The layout order here is mainly the layout order of the instance data, which is affected by the virtual machine allocation policy parameters (FieldsAllocationStyle) and the order in which the fields are defined in the Java source code.

The default allocation policies for the HotSpot VM are long/double, int/float, short/char, byte/ Boolean, and Ordinary Object Pointers (OOP). The types separated by/are sorted in the order defined. As you can see from the allocation strategy, fields of the same width are always assigned together. In addition, references to basic types are used for memory reordering to optimize space usage. That is, if the object header occupies 12bytes, a type less than or equal to 4bytes will be selected to fill up the 4bytes space.

The pointer to the basic type is populated in steps of 4bytes between it and the reference type, and is finally populated in steps of 8bytes after the instance data has been populated.

A variable defined in a parent class precedes a subclass if the above conditions are met. If the CompactFields parameter is true(the default is true), narrower variables in the subclass may also be inserted into the gap between the parent class variables.

Test cases are as follows:

public class A {
    long l;
    String s1;
    String s2;
    String s3;
    byte i;
}
public class JolOrder extends A {
    String s;
    long l;
    double d;
    int i;
    short sh;
    boolean bo;
    char c;
    byte b;
    float f;
}
@Test
public void test3(a) {
    System.out.println(ClassLayout.parseInstance(new JolOrder()).toPrintable());
}
Copy the code

The native test results are as follows, with a final use of 72bytes. Did you guess correctly?

4 Locating objects

Objects are created to use objects, and our Java program needs reference data on the stack to manipulate specific objects on the heap. Since the Java Virtual Machine specification only specifies a reference to an object, it does not define how the reference should locate and access the object in the heap, so object access is implementation-dependent.

At present, there are two main access methods: handle and direct pointer.

4.1 Using a Handle

If handle access is used, the Java heap will allocate a chunk of memory as a handle pool.

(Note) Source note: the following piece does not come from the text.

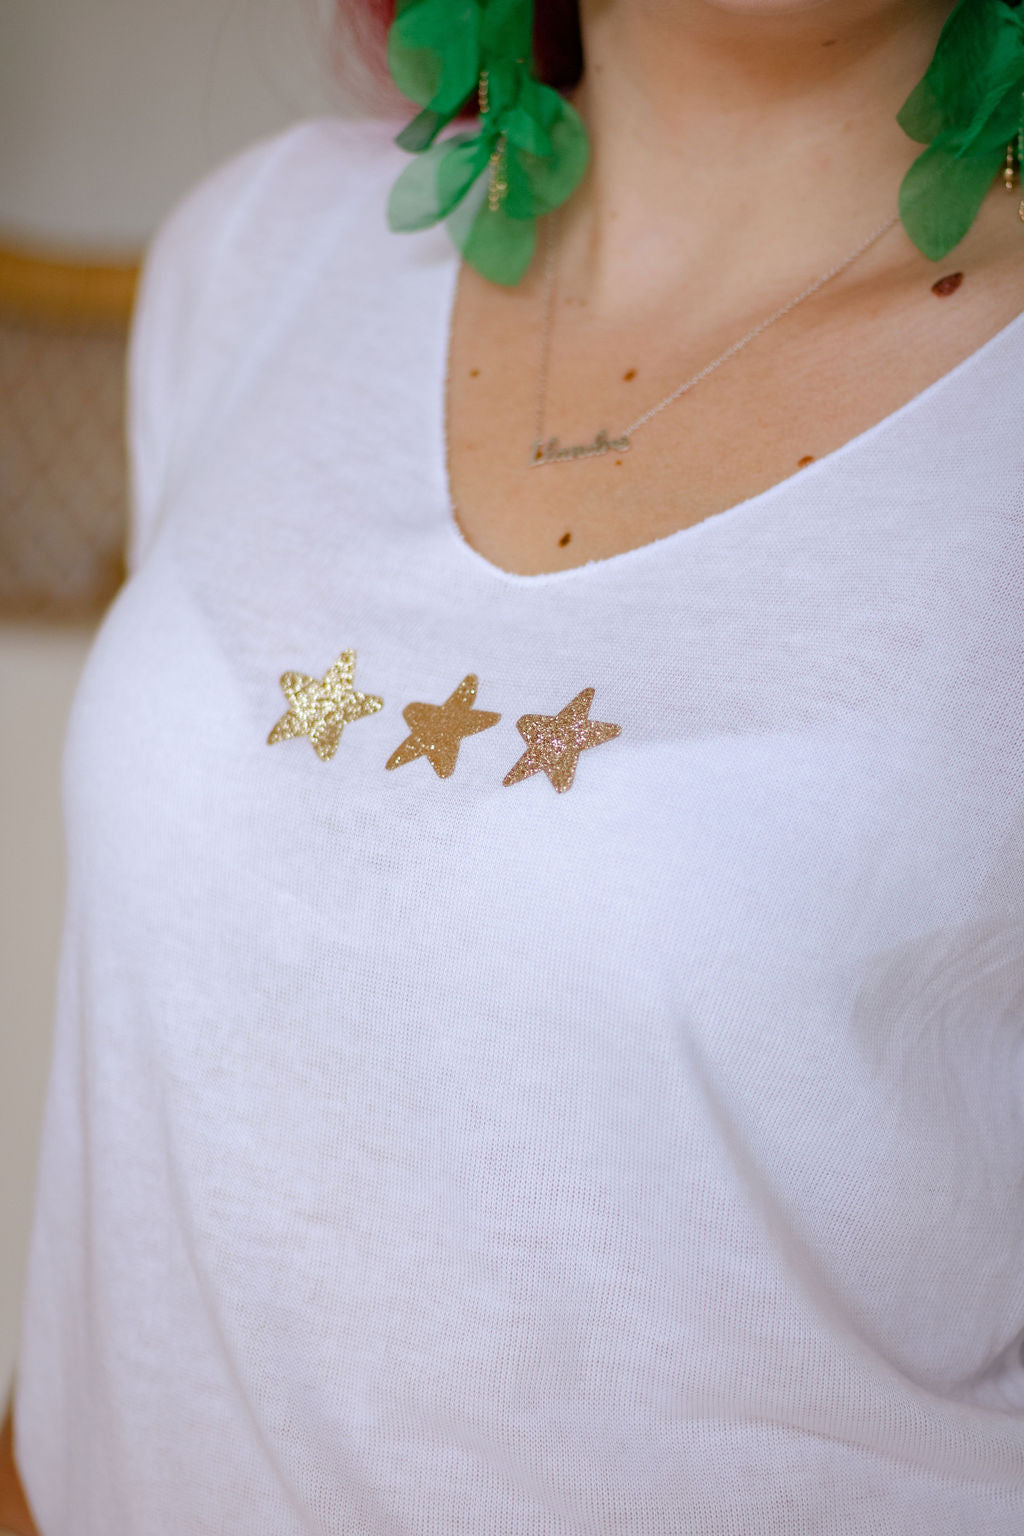 Made in Italy Tee - White Star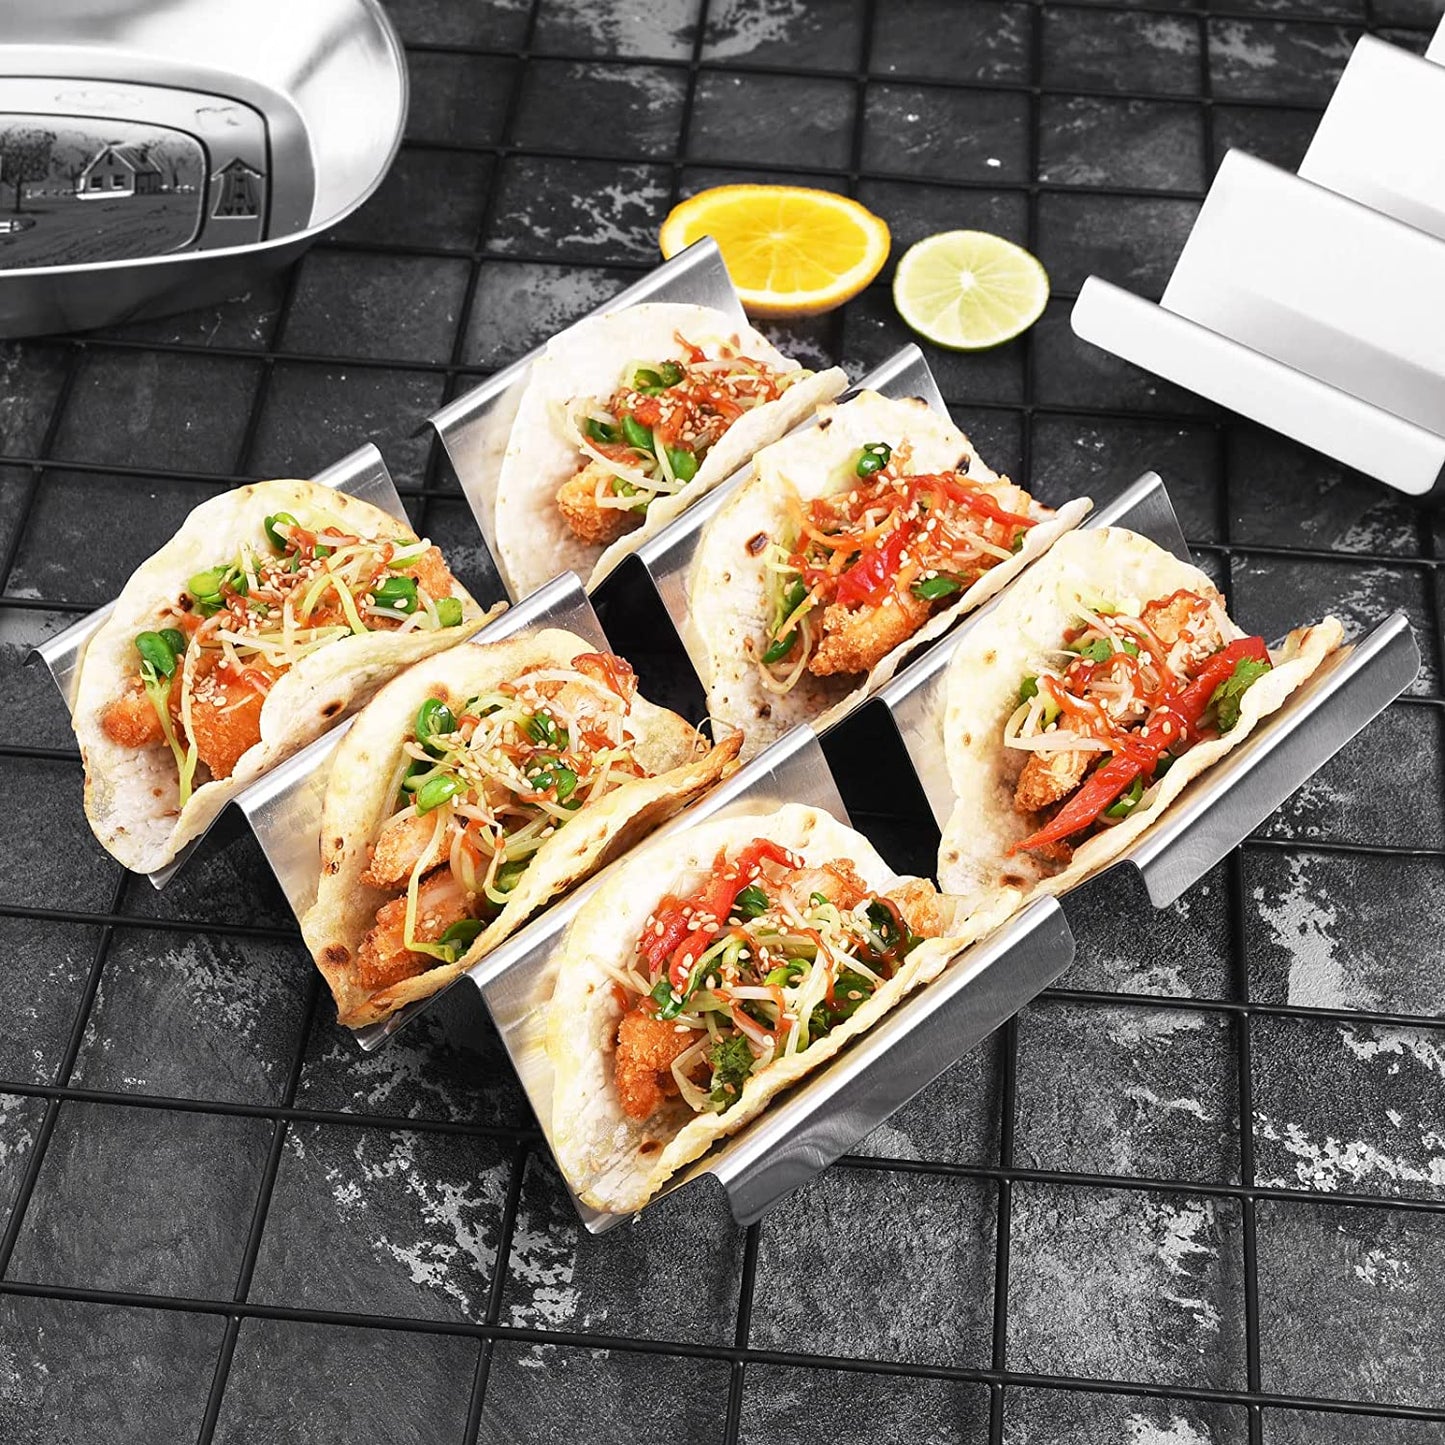 Taco Holders 4 Packs - Stainless Steel Taco Stand Rack Tray Style by ARTTHOME, Oven Safe for Baking, Dishwasher and Grill Safe

Reference stores the handle address of the object, and the handle contains the specific address information of the instance data and the type data respectively.

The diagram below:

4.2 Direct Pointer

If direct pointer access is used, then the layout of the Java heap object must consider how to place the information related to accessing the type data, and the direct stored in Reference is the object address, which is stored in the klass of the opposite header.

The diagram below:

4.3 Comparison of the two methods

These two methods of object access have their own advantages. The biggest advantage of using handles for access is that reference stores a stable handle address, and only changes the instance data pointer in the handle when the object is moved (which is a very common behavior in garbage collection). Reference itself does not need to be modified.

The biggest benefit of using direct pointer access is that it is faster. It saves the time cost of a pointer location, and since objects are accessed very frequently in Java, this overhead can add up to a very significant execution cost. The HotSpot VIRTUAL machine uses direct Pointers for object access, but across the software development spectrum, it is common for languages and frameworks to use handles to access objects.

Related articles:

  1. In-depth Understanding of the Java Virtual Machine
  2. Java Virtual Machine Specification

If you need to communicate, or the article is wrong, please leave a message directly. In addition, I hope to like, collect, pay attention to, I will continue to update a variety of Java learning blog!